I run a website where about 10 million files (book covers) are stored in 3 levels of subdirectories, ranging [0-f]:

0/0/0/
0/0/1/
...
f/f/f/

This leads to around 2400 files per directory, which is very fast when we need to retrieve one file. This is moreover a practice suggested by many questions.

However, when I need to backup these files, it takes many days just to browse the 4k directories holding 10m files.

So I'm wondering if I could store these files in a container (or in 4k containers), which would each act exactly like a filesystem (some kind of mounted ext3/4 container?). I guess this would be almost as efficient as accessing directly a file in the filesystem, and this would have the great advantage of being copied to another server very efficiently.
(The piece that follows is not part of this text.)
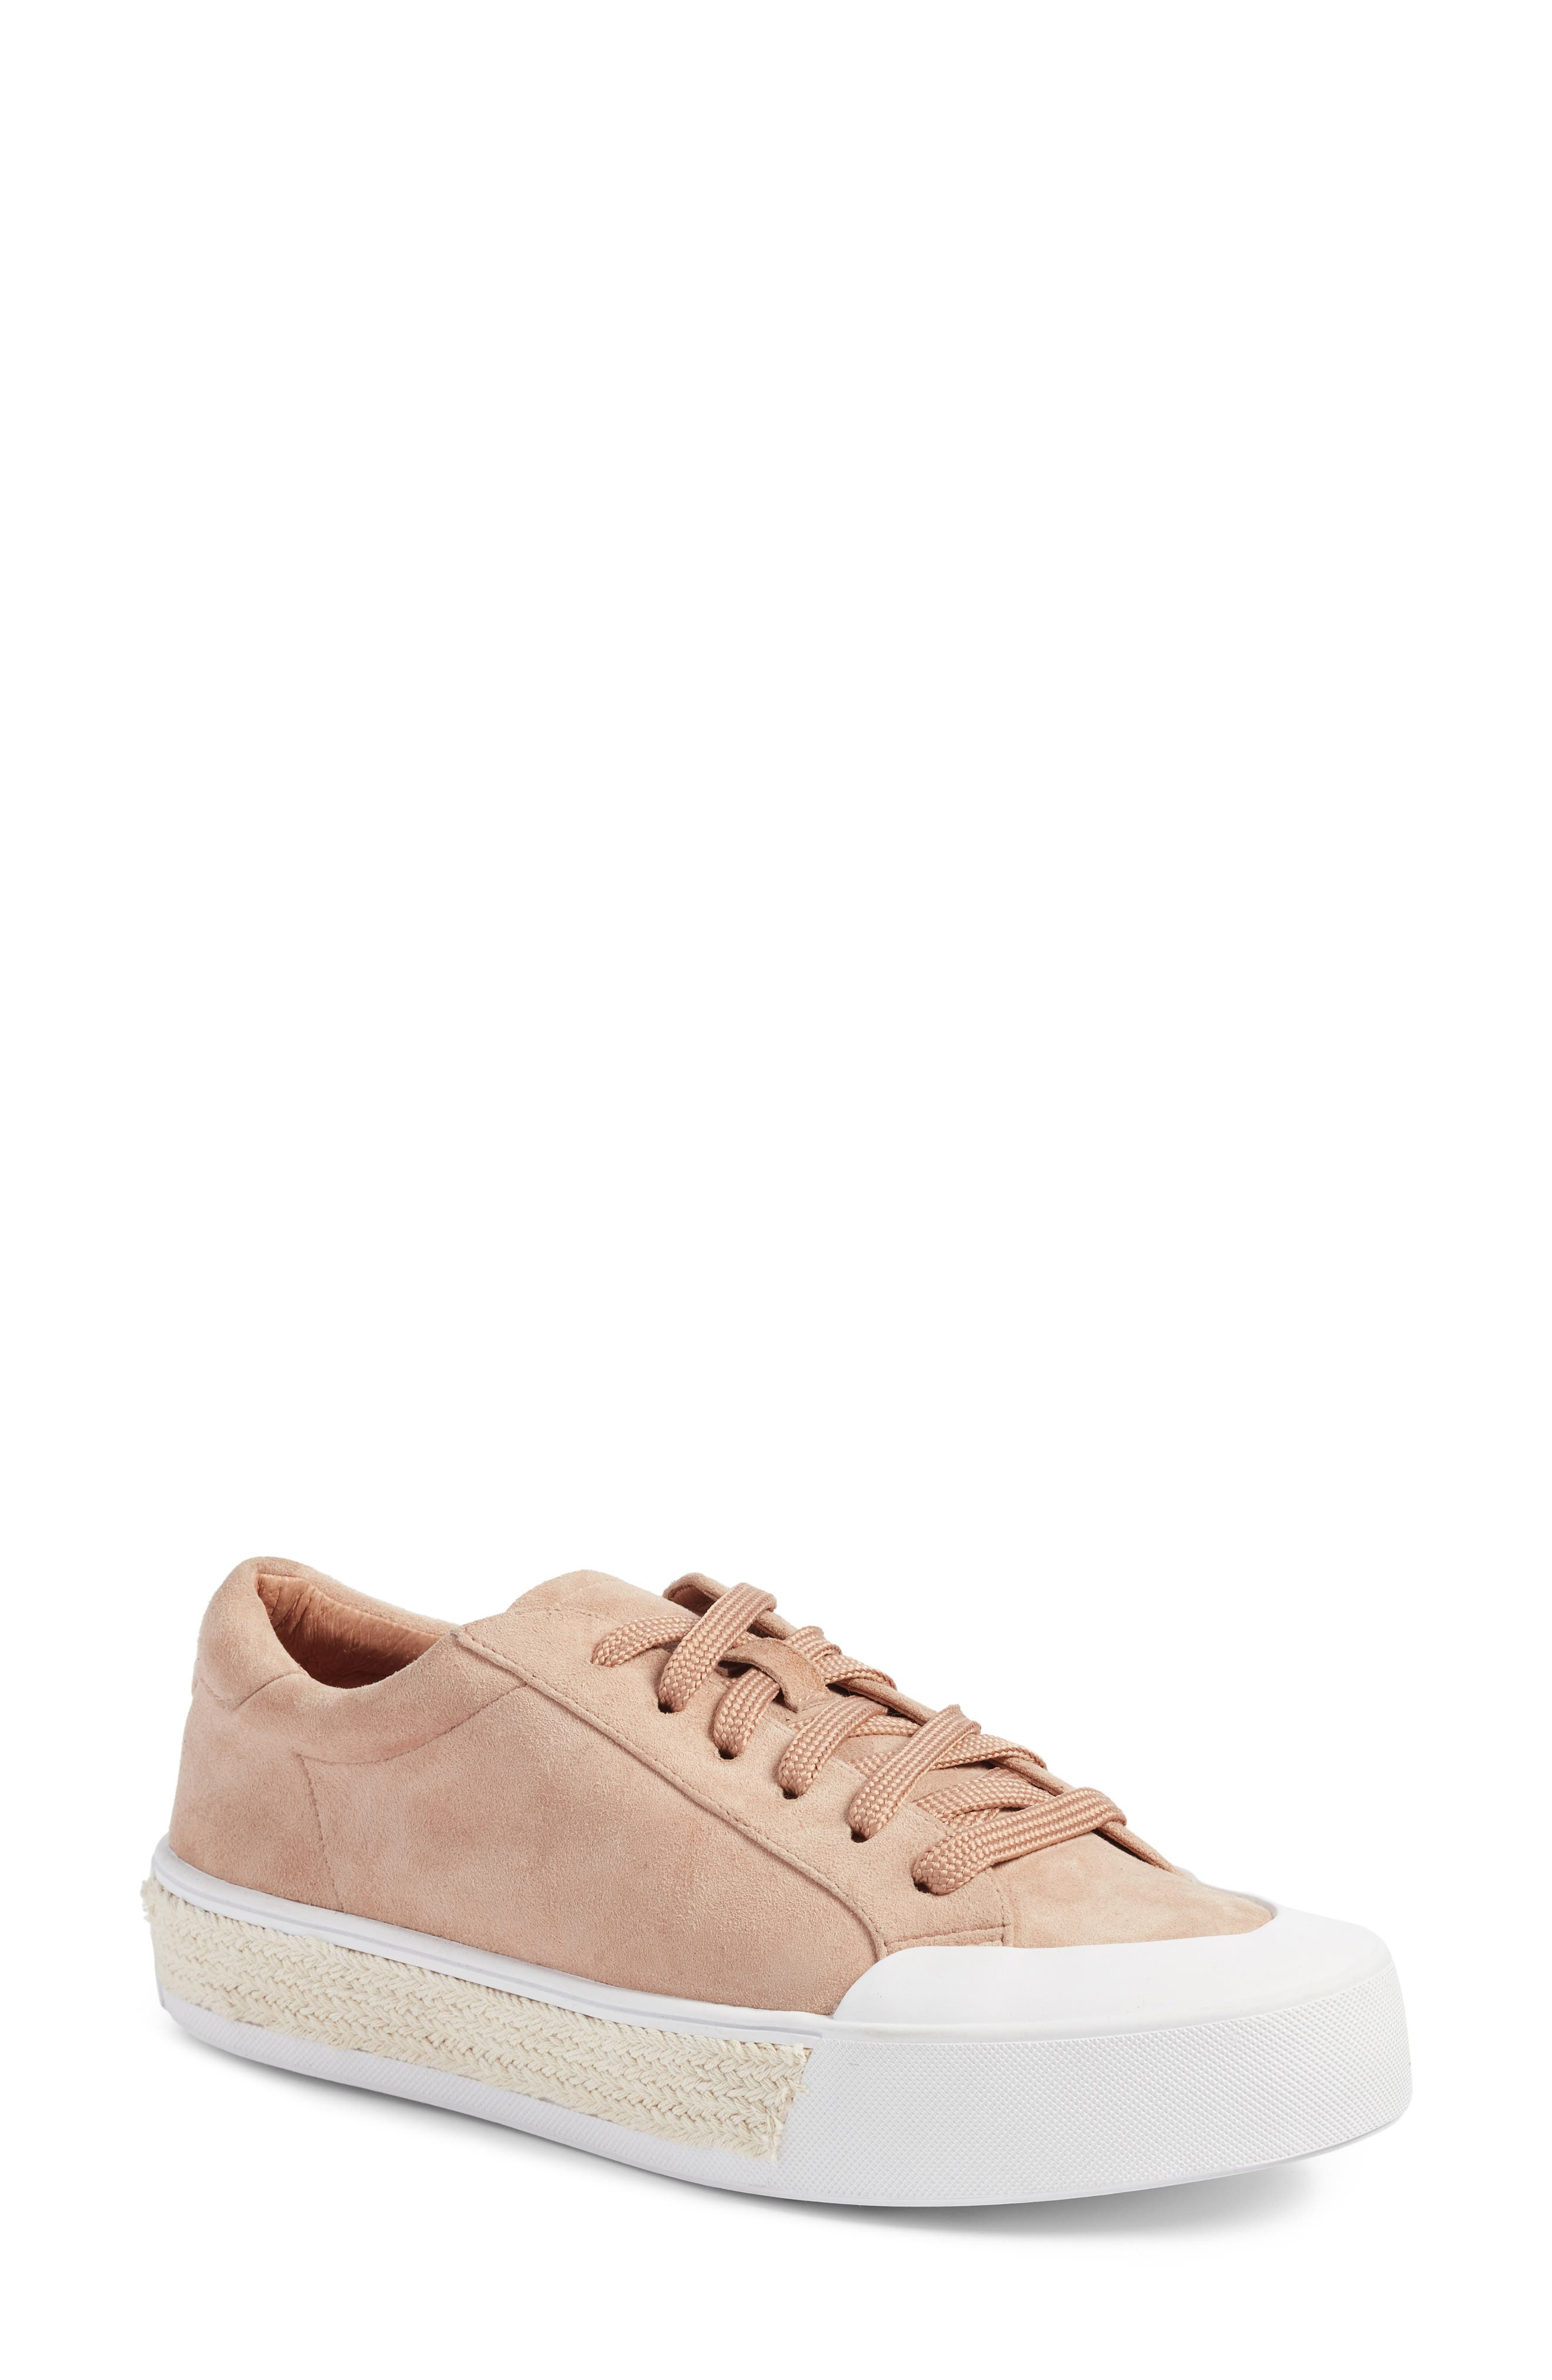 Caslon Women's Caslon Toran Platform Sneaker az698y6Dw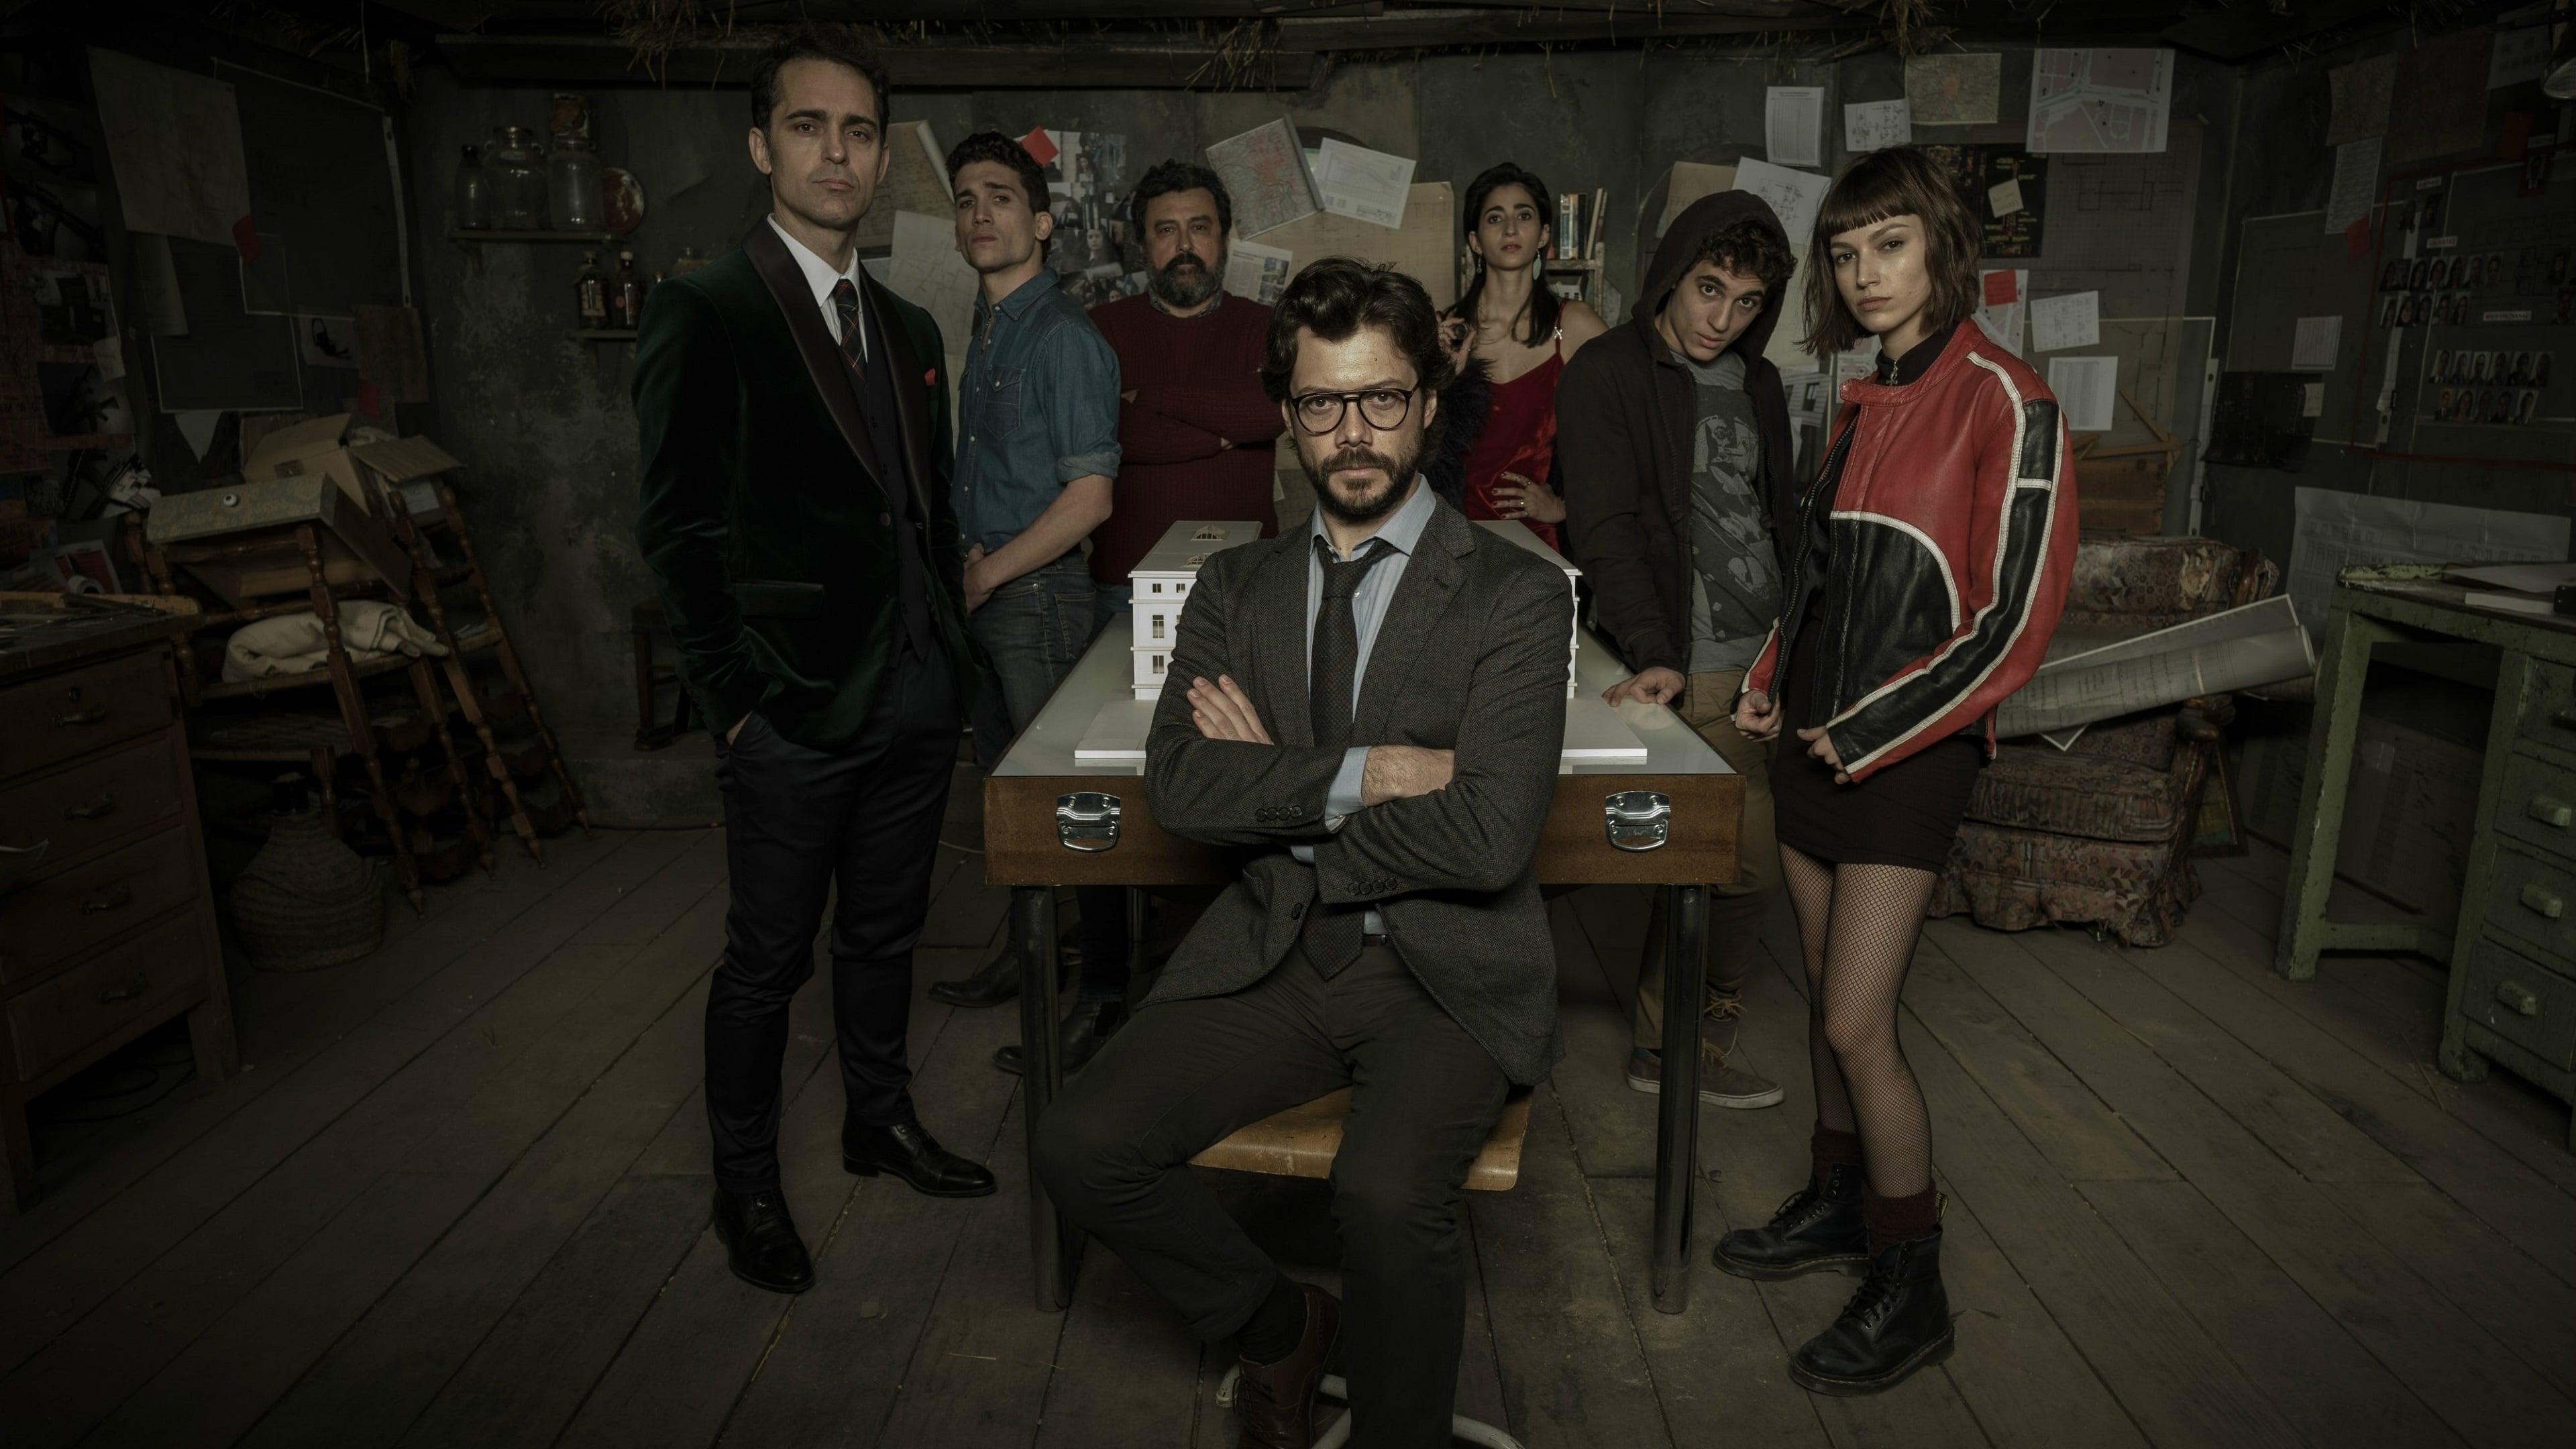 La Casa Di Carta Cb01 Serie Streaming Cb01

Any suggestion on how to do this best? Or any viable alternative (noSQL, ...) ?

BenMorel
  • 4,215
  • 10
  • 53
  • 81
  • What file system are you using right now? – cmcginty May 29 '11 at 19:36
  • NetApp is lickly to be an option if you can afort the prices – Ian Ringrose May 29 '11 at 21:53
  • I'm using ext4 under CentOS 5.6 – BenMorel May 30 '11 at 12:14
  • 1
    Curious why it should take "many days just to browse the 4k directories holding 10m files", which seems way too slow. Assuming 150 bytes per pathname, the 10m filenames make 1.5 GB of data, so it could be the available memory/CPU (including sorting the result). Also, check if enabling/disabling dir_index helps: http://lonesysadmin.net/2007/08/17/use-dir_index-for-your-new-ext3-filesystems/#comment-76315 plus various tips at http://serverfault.com/questions/183821/rm-on-a-directory-with-millions-of-files – RichVel Sep 06 '11 at 12:43
  • 1
    Note 5 years later: I've migrated everything to Amazon S3, which is perfectly suited for storing such a large amount of files. Plus I don't have to split files into 3 levels of sub-directories anymore, as for S3 it makes no difference (a path is a path, whether it contains slashes or not makes no difference). And I can sleep better, knowing that my data is safely replicated across several locations. – BenMorel Jan 19 '16 at 10:29
  • 1
    Same here! After running into strange problems when saving millions of files into one AND multiple folders (hash collision errors, inode errors, 64k folder limit and lots of other BS), we gave up and migrated to DigitalOcean Space (same like Amazon S3). Way way slower than self-hosting, but it's a solution. – Sliq Feb 01 '20 at 20:58

12 Answers12

12

Options for quickly accessing and backing up millions of files

Borrow from people with similar problems

This sounds very much like an easier sort of problem that faces USENET news servers and caching web proxies: hundreds of millions of small files that are randomly accessed. You might want to take a hint from them (except they don't typically ever have to take backups).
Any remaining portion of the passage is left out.